For the past couple of years, 15-year-old Cusin had worked as a summertime au pair for Lewis and his wife, Molly. The deal was that he would help look after their two young boys on weekdays and sail with Cam—a four-time world champion in small boats and a legendary multihull ocean racer—on weekends. But it wasn't until that windy day during the annual Camden-to-Rockland race that Cusin fully appreciated what he'd signed on for.

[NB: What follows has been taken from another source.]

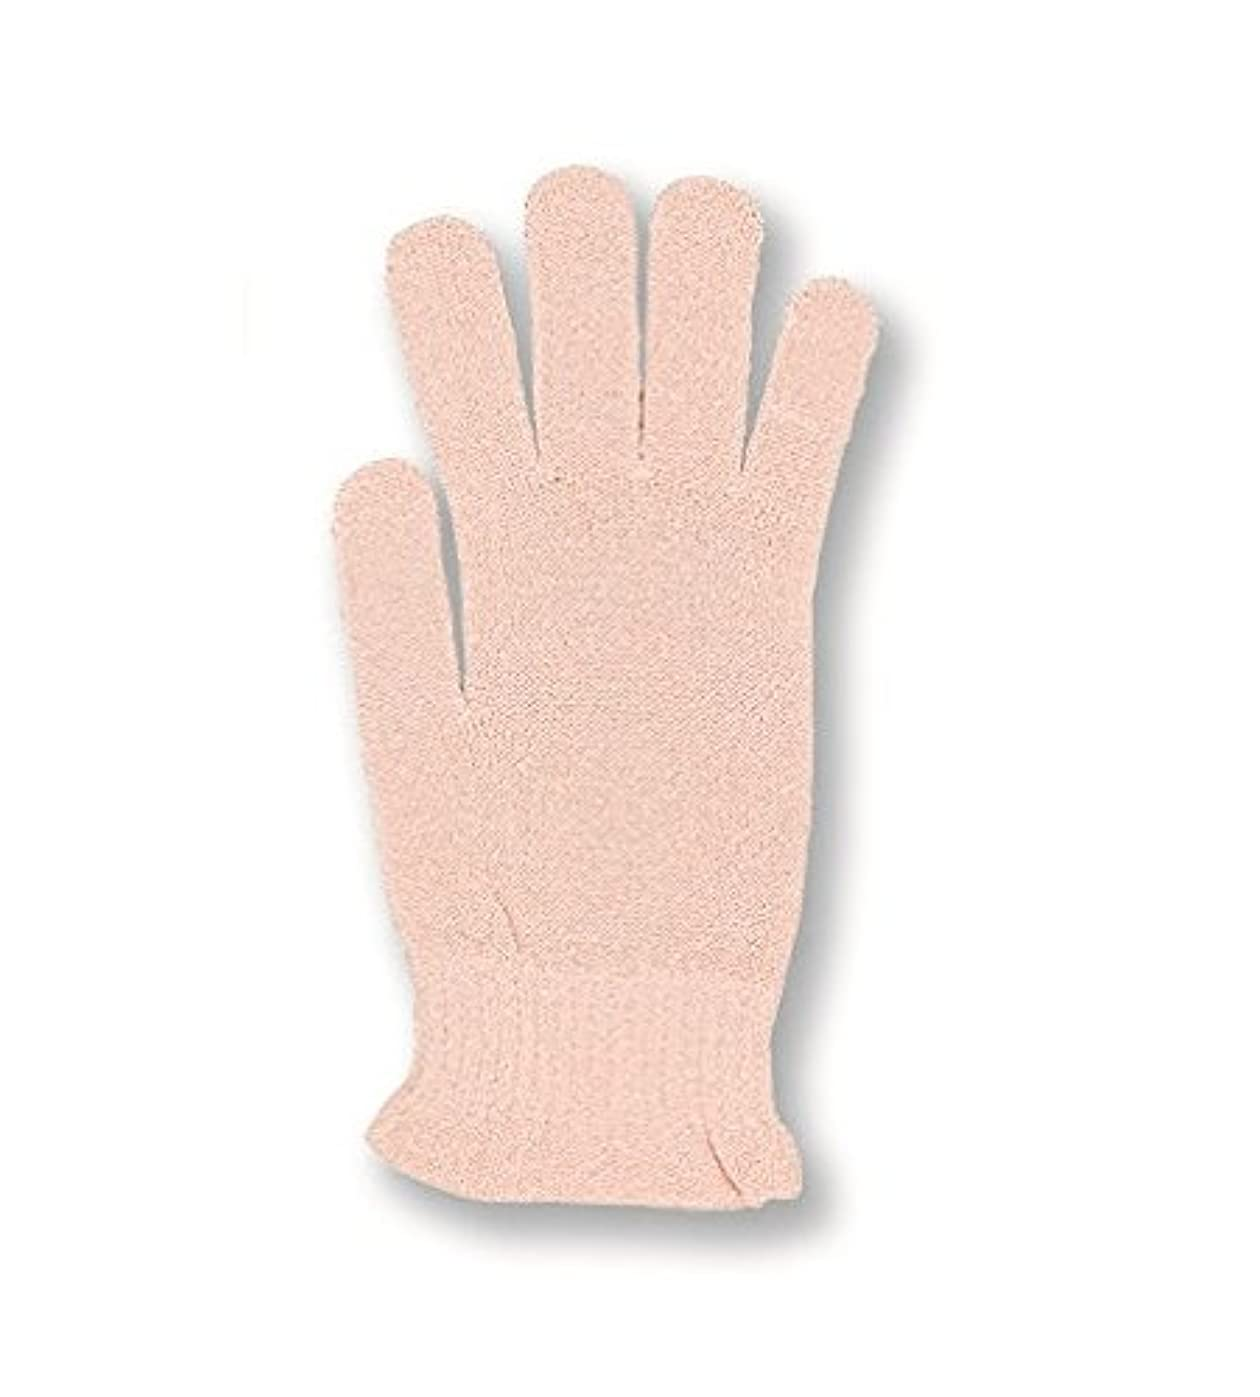 くさび妊娠した害虫コクーンフィット シルク おやすみ手袋 ピーチ

A few minutes into the first downwind leg, a big gust hit the fleet. The other crew with a spinnaker up momentarily lost control of the sail. As it ballooned, their mast suddenly buckled and crashed into the water. Cusin looked at his skipper, eyes wide. With a large lead and the rest of the field too cowed to put up spinnakers and give chase, he assumed Lewis would soon be dropping theirs as well. Nope. Lewis kept playing the huge sail, whooping gleefully as the trimaran shot across the bay. "The speed was insane," Cusin recalls. "We had the leeward hull completely submerged. I was pretty worried. It really looked like it was going to tear right off the boat. Finally I said something about it to Cam. He's like, 'Well, if it goes, just jibe over onto the other hull.'"

Looking back, Cusin laughs at Lewis's nonchalance. One of the hulls flies off? No problem. We'll just finish the race, then go back and pick up the pieces. Remind Lewis of the moment, however, and he tilts his head to one side, shakes it, then exhales through his nose in a bemused, slightly exasperated manner.

"Well, yeah," he says. "We were racing."